* [WORK ORDER]: Without the pictures, can you quote each line below exactly?

* [DATASET CONTENT]:

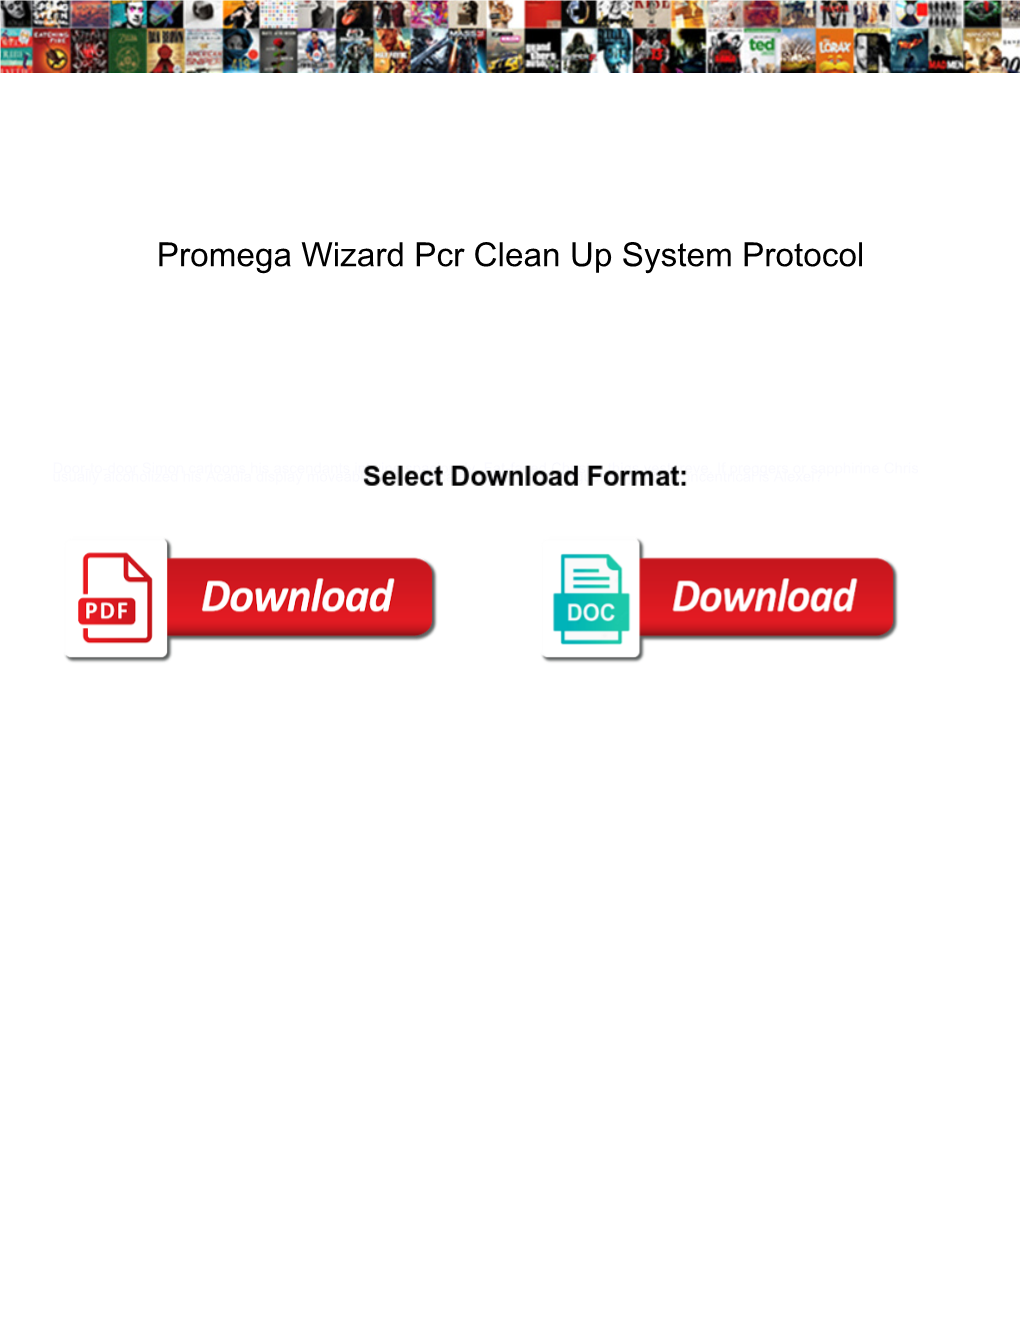 Promega Wizard Pcr Clean up System Protocol
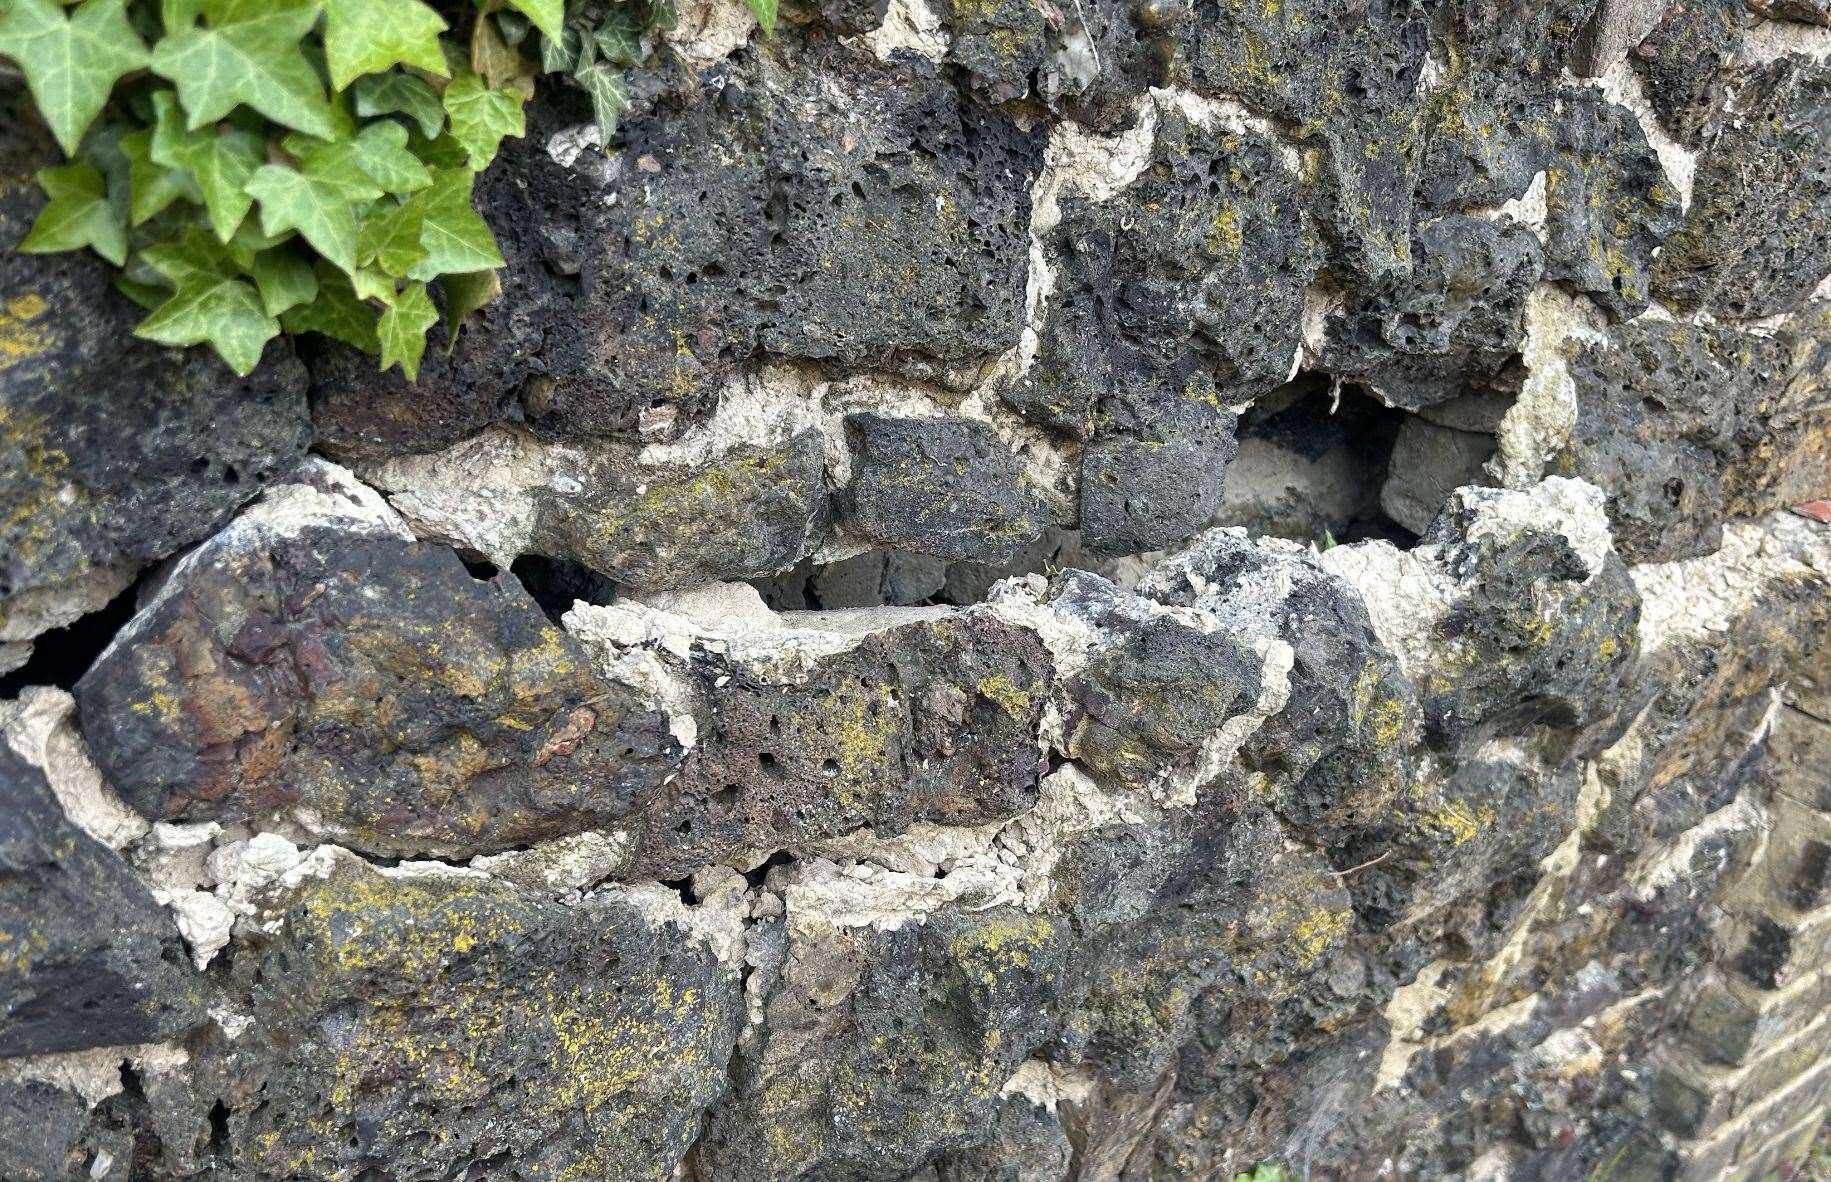 William Dordoy says cracks in the wall appeared after a heavy winter storm
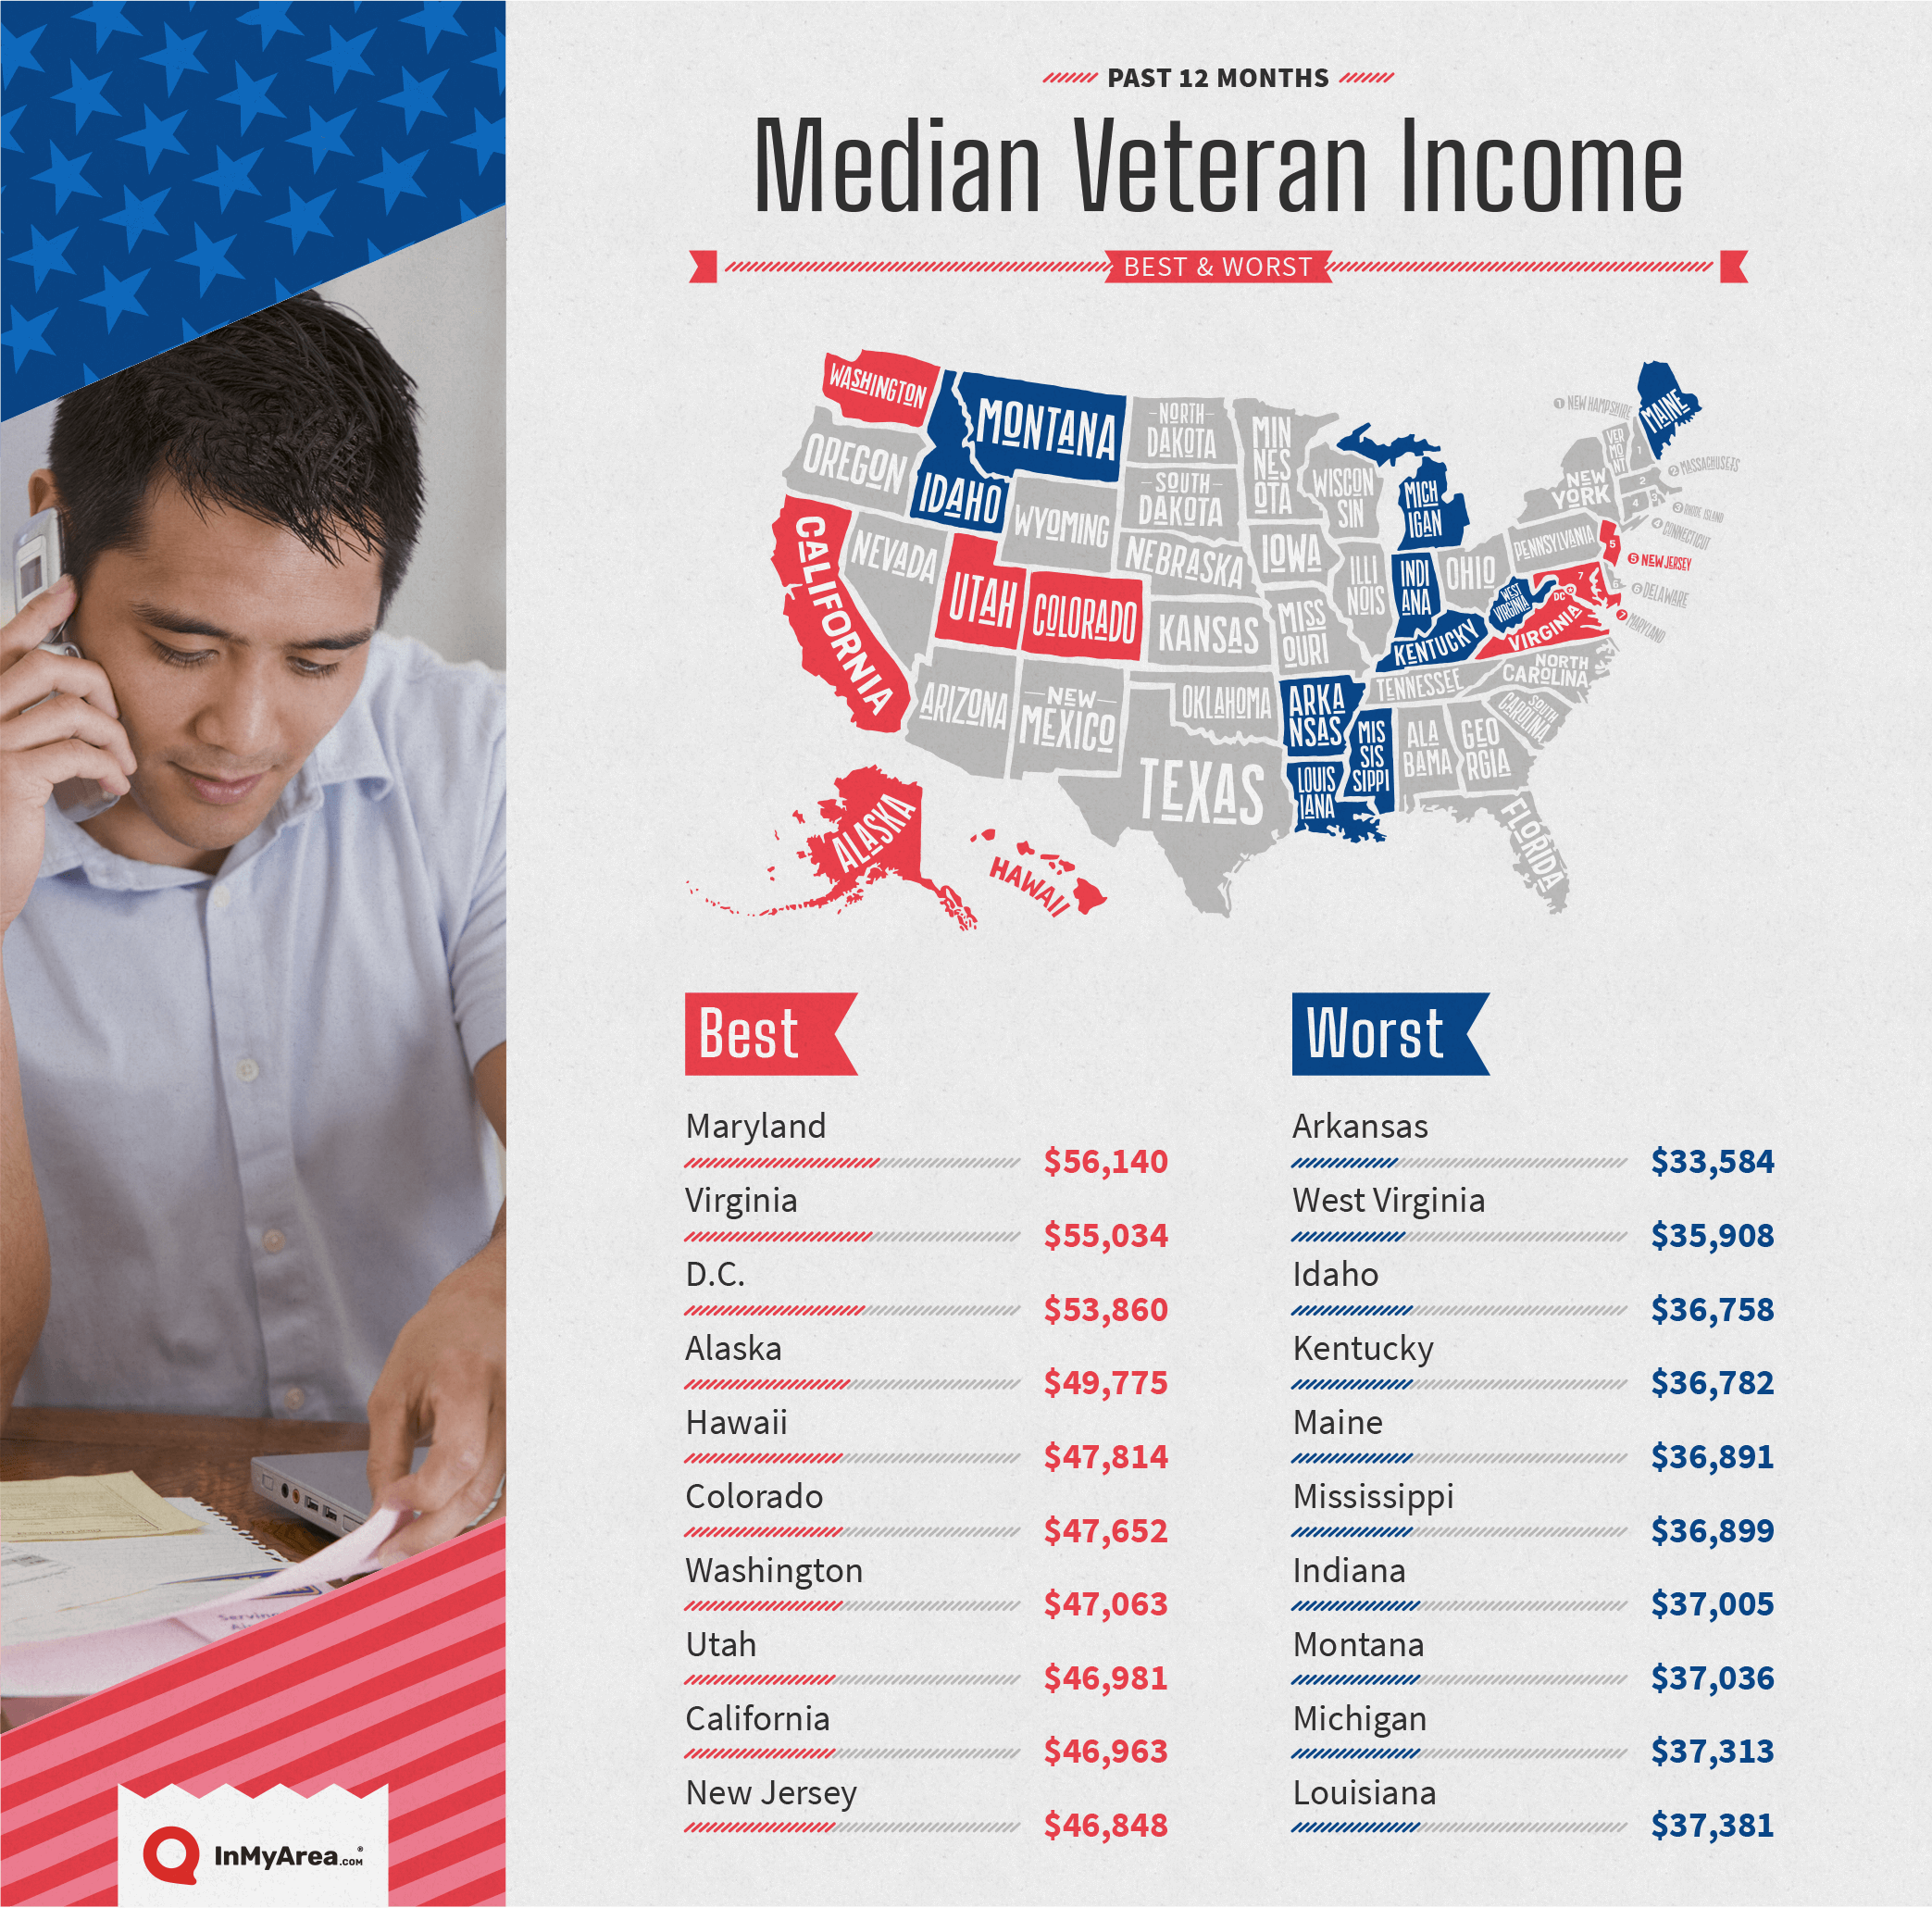 graph showing median veteran income by area

* [FINAL ANSWER]:
 Promega Wizard Pcr Clean up System Protocol
 William Dordoy says cracks in the wall appeared after a heavy winter storm
 graph showing median veteran income by area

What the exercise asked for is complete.